SPIN-Bench: How Well Do LLMs Plan Strategically and Reason Socially?
Reasoning and strategic behavior in social interactions is a hallmark of intelligence. This form of reasoning is significantly more sophisticated than isolated planning or reasoning tasks in static settings (e.g., math problem solving). In this paper, we present Strategic Planning, Interaction, and Negotiation (SPIN-Bench), a new multi-domain evaluation designed to measure the intelligence of strategic planning and social reasoning. While many existing benchmarks focus on narrow planning or single-agent reasoning, SPIN-Bench combines classical PDDL tasks, competitive board games, cooperative card games, and multi-agent negotiation scenarios in one unified framework. The framework includes both a benchmark as well as an arena to simulate and evaluate the variety of social settings to test reasoning and strategic behavior of AI agents.
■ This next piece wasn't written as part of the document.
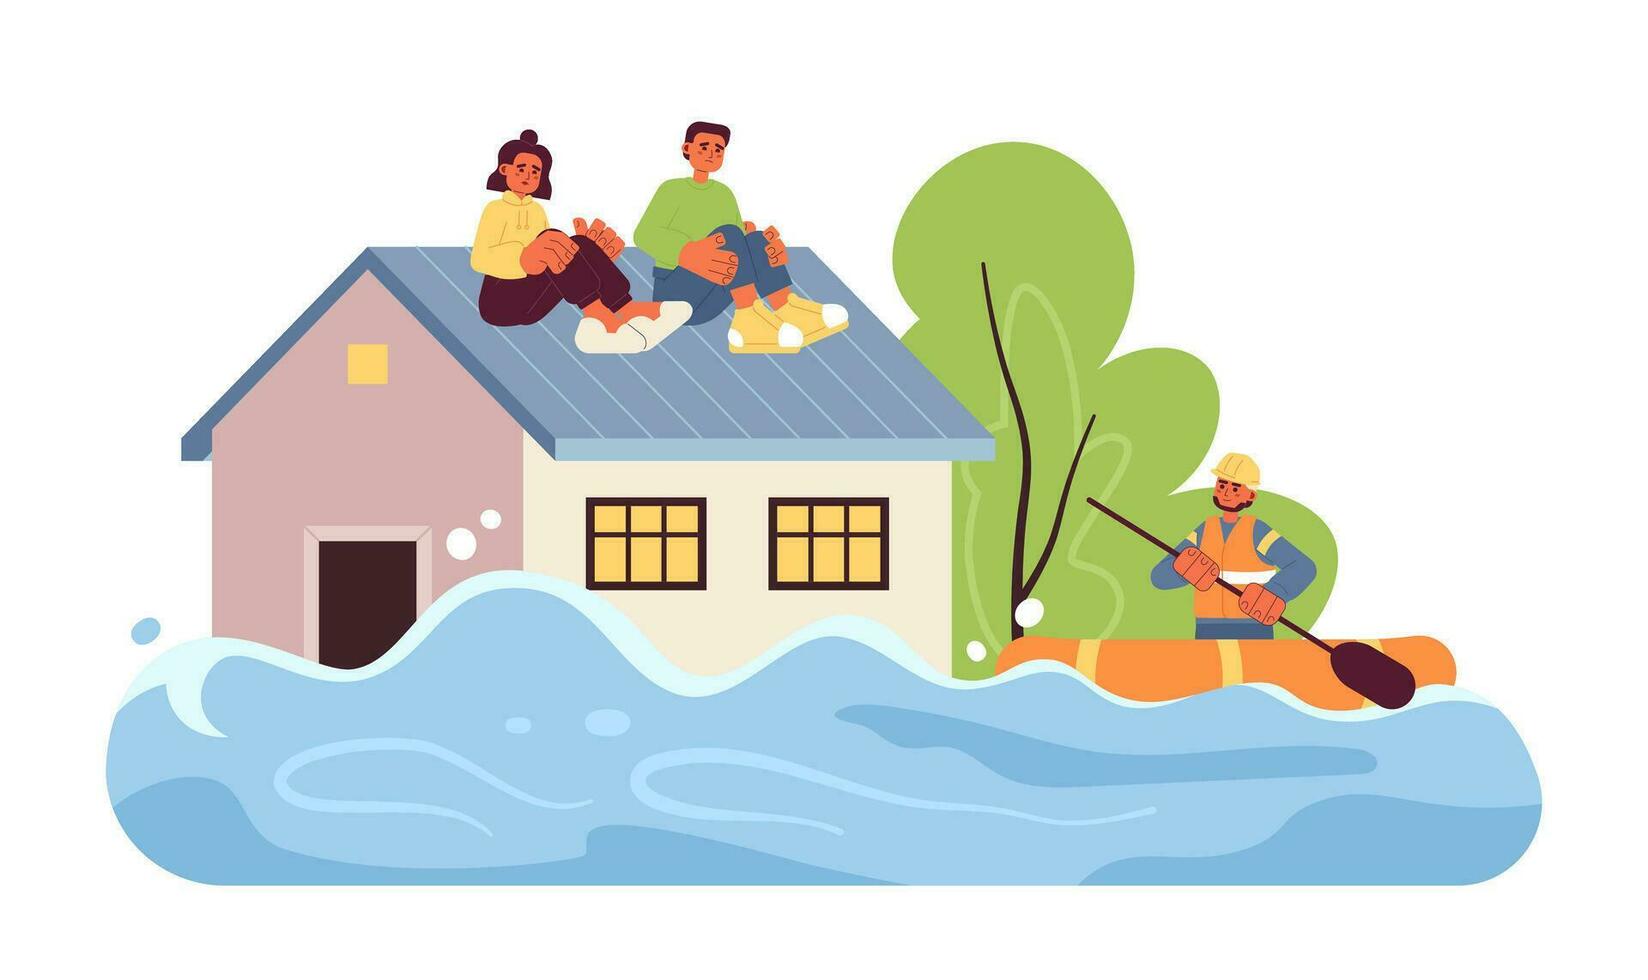 Flood flat concept vector spot illustration. People sitting on roof. Rescue mission. Flowing water 2D cartoon scene on white for web UI design. Natural disaster isolated editable creative image

We formulate the benchmark SPIN-Bench by systematically varying action spaces, state complexity, and the number of interacting agents to simulate a variety of social settings where success depends on not only methodical and step-wise decision making, but also conceptual inference of other (adversarial or cooperative) participants. Our experiments reveal that while contemporary LLMs handle basic fact retrieval and short-range planning reasonably well, they encounter significant performance bottlenecks in tasks requiring deep multi-hop reasoning over large state spaces and socially adept coordination under uncertainty. We envision SPIN-Bench as a catalyst for future research on robust multi-agent planning, social reasoning, and human--AI teaming.